Они с Д`Амарьяком, не сговариваясь, поглядели сначала на мирно спящего «императора», а затем на покореженную и погрызенную мебель, расплавившееся зеркало, разбитый паркет и троих связанных идиотов, складированных в углу. Кажется, один из них – какой-то там граф, а то и герцог, честно говоря, Людвиг сейчас забыл не только имена и лица соседских аристократов, но и себя бы в зеркале не узнал.
Плевать.
Д`Амарьяк передохнет, восстановит силы, сотрет всем троим память и вообще разберется. Сам. Без Людвига!

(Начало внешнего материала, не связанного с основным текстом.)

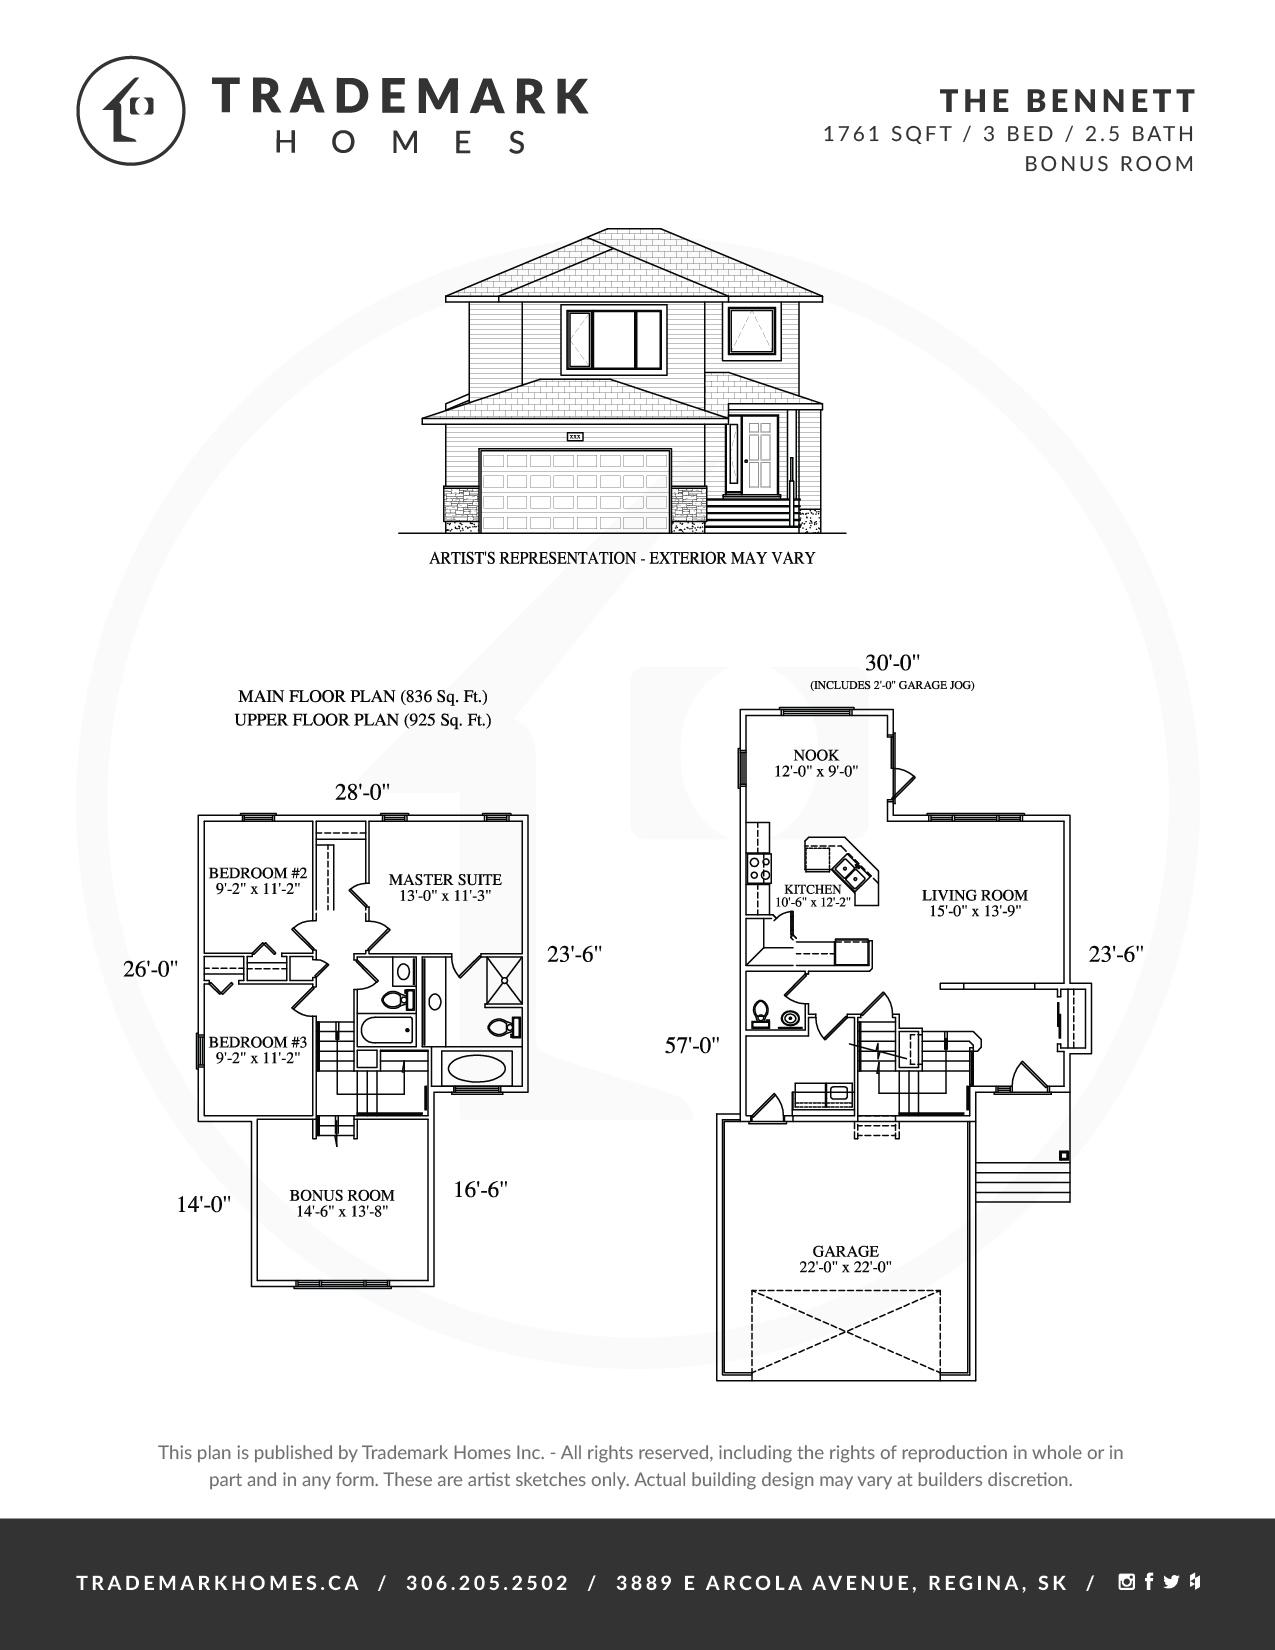 Trademark Homes The Bennett 2 Storey

– Готово, – не то сказал, не то зевнул Черный Карлик. – Можете отправляться домой.
Людвиг почти шагнул в портал, когда до него дошло, что что-то тут не то. Запах, что ли, или звук. Откуда на вилле «Альбатрос» рокот волн?
– Вы уверены, что это – мой дом? – он замер в полушаге от портала.
– Разуме… Проклятье! Почему рядом с вами все ломается?! – Карлик, горестно сморщившись, одним движением уничтожил недоразумение. – Так, отойдите, что ли. Только не засыпайте, прошу вас! Ваши сны…
Людвиг пожал плечами: Карлик что, хочет его устыдить? Смешно. Хотя, конечно, когда Людвиг от усталости уснул прямо в кресле за императорским троном – спрятанный каким-то хитрым заклинанием невидимости – что-то в тронном зале началось не то. Какие-то статуи ожили, что ли. Или казначей начал каяться. В общем, страсти-мордасти.
Сугубо здешние мордасти! Людвиг тут совершенно ни при чем! Вот дома, когда он спит – никакие страхомордия из пола не лезут и ничьих туфель не съедают.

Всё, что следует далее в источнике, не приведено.